Guidée par cette double approche, Jones-Rogers propose de redéfinir l’idée de « marché » en contexte esclavagiste. Le « marché aux esclaves » ne se réduit pas à un espace public, urbain, malgré tout dominé par les hommes, tel qu’il a été étudié entre autres par Walter Johnson dans Soul by Soul: Life Inside the Antebellum Slave Market (1999). Il faut y intégrer la plantation elle-même, en particulier l’espace domestique du porche, de la cuisine ou de la chambre à coucher, où les femmes blanches se livrent à des transactions guère moins terrifiantes que celles conclues dans les salles de ventes, les tavernes et les cafés (p. 82). L’autrice consacre un chapitre original à un aspect méconnu de ce marché informel où l’on commerce entre sœurs, cousines et amies : il revient aux femmes blanches, et à elles seules, de se procurer des nourrices capables d’allaiter leurs enfants lorsque les mères ne peuvent ou ne veulent les allaiter elles-mêmes. En mettant l’accent sur l’implication spécifique des femmes blanches dans l’économie esclavagiste, Jones-Rogers éclaire d’un même mouvement le rôle spécifique dévolu aux femmes noires, ici leur fonction nourricière, qu’elle décrit comme une forme de « travail qualifié » (skilled labor, p. 114) activement recherché. De la même façon, l’historienne met en lumière l’exploitation sexuelle des femmes noires par ces « marchandes d’esclaves d’un autre genre » (slave traders of a different stripe, p. 148) que sont Mathilda Raymond et Mary Taylor, deux tenancières de maisons closes à La Nouvelle-Orléans.

BURNARD Trevor et RIELLO Giorgio, « Slavery and the New History of Capitalism », Journal of Global History, vol. 15, n° 2, 2020, pp. 230-231.

À vendre, une nourrice « jeune et en bonne santé ». Annonce publiée en 1856 dans un journal de Charleston, en Caroline du Sud. Source : Stephanie E. Jones-Rogers, They Were Her Property, p. 113.

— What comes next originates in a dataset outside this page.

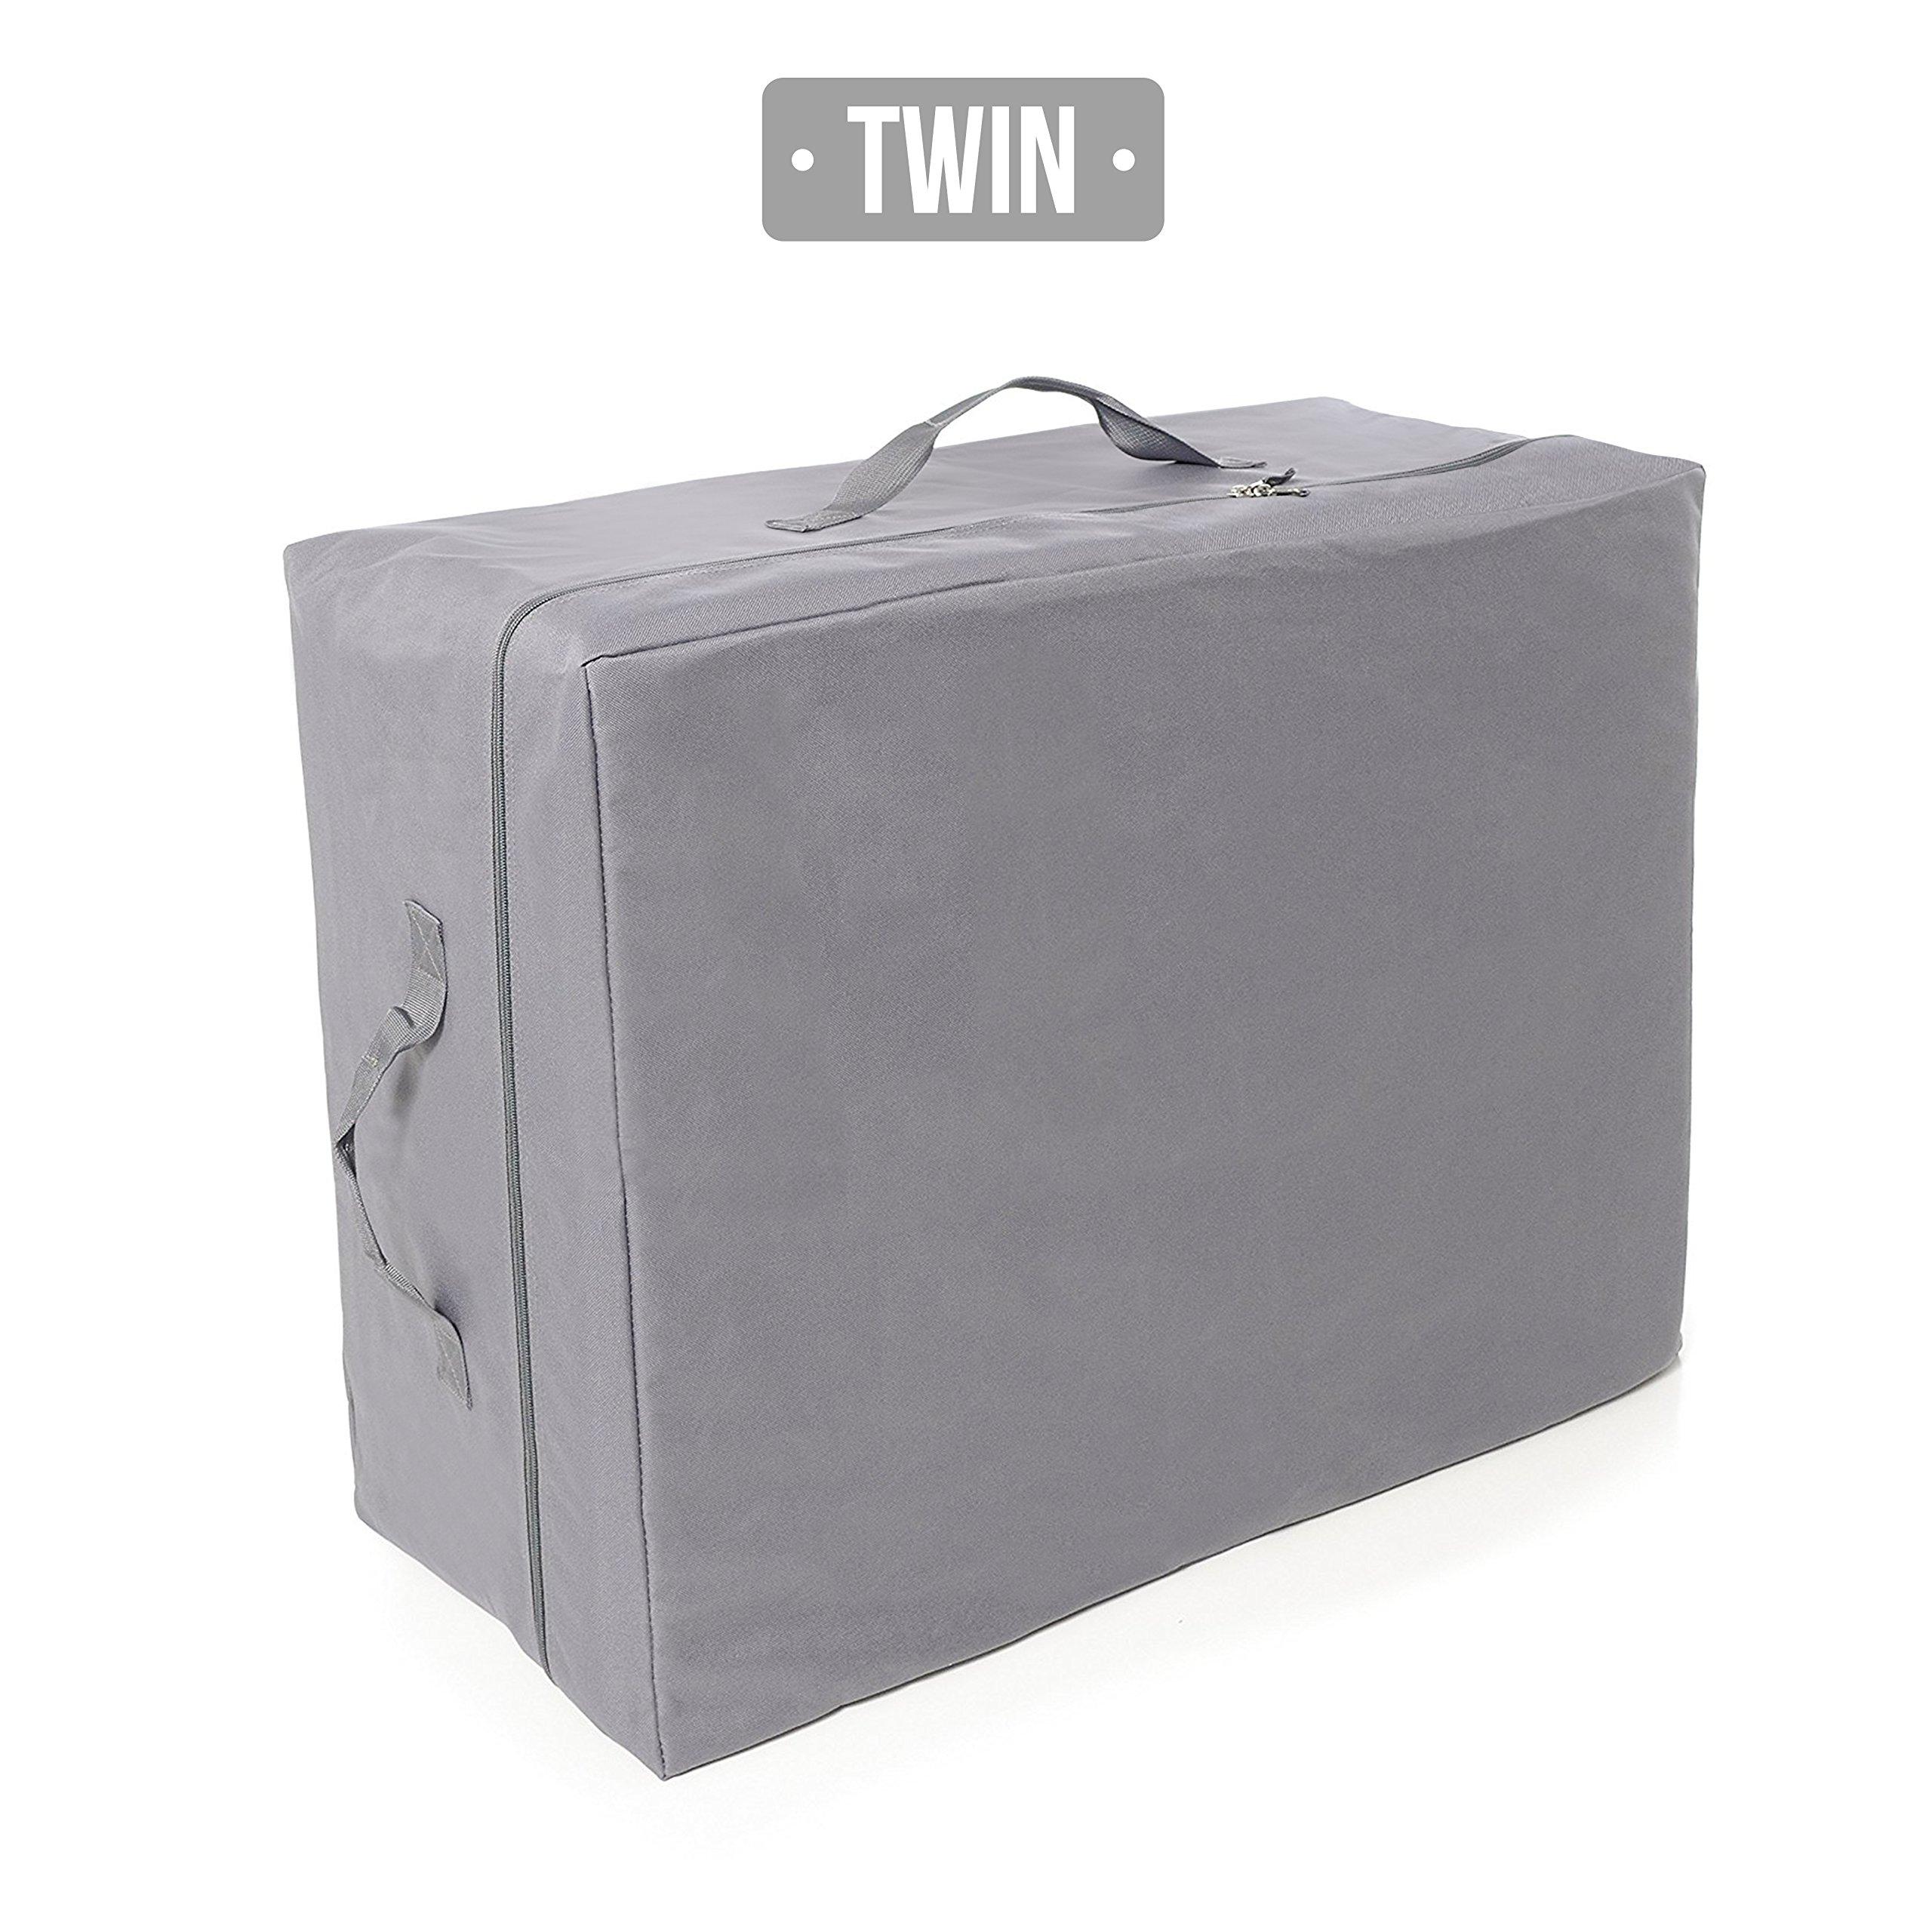 Carry Case For Milliard Tri-Fold Mattress (6'' Twin)

L’insistance sur la dimension économique de ces transactions ne conduit pas Jones-Rogers à en négliger les aspects humains – ou plutôt inhumains. They Were Her Property contient son lot d’actes violents perpétrés par des femmes blanches à l’encontre des hommes, des femmes et des enfants qu’elles réduisent en esclavage. En Virginie, une mère et sa fille défigurent Henrietta King, âgée de huit ou neuf ans, pour avoir pris un bonbon délibérément laissé à sa vue (p. 11). En Louisiane, en 1862, Madame Coutreil enferme trois mois durant une jeune femme de dix-huit ans qui a tenté de s’échapper ; des soldats unionistes la retrouvent entre la vie et la mort, un collier à picots autour du cou (p. 151). D’autres femmes délèguent la gestion de la discipline à la figure masculine du contremaître tout en décidant de la punition administrée et de sa sévérité. Celles qui épargnent à leurs esclaves les traitements les plus rudes cherchent d’abord à préserver leur force de travail et leur valeur marchande. À la violence physique s’ajoute la « violence maternelle » (maternal violence, p. 120) qui consiste à séparer une mère de son enfant pour l’obliger à allaiter l’enfant d’une autre. Le premier chapitre, intitulé « Mistresses in the Making », donne à voir le processus d’acculturation par lequel l’esclavage vient aux jeunes filles blanches du Sud. Celles-ci détiennent des esclaves dès leur plus jeune âge, en reçoivent à l’occasion d’un baptême ou d’un anniversaire, observent les rapports de pouvoir sur la plantation, s’imprègnent des idées pro-esclavagistes et suprémacistes blanches en lisant des journaux pour enfants tels que le Rose Bud. Lorsqu’Alfred, un esclave d’une douzaine d’années, est battu à mort sous leurs yeux par leur père et leur frère sur une plantation de Géorgie, Mary, Sarah et Catherine Martin, trois sœurs proches en âge du jeune garçon, ne semblent pas particulièrement émues. La violence fait partie de leur quotidien (p. 8-10).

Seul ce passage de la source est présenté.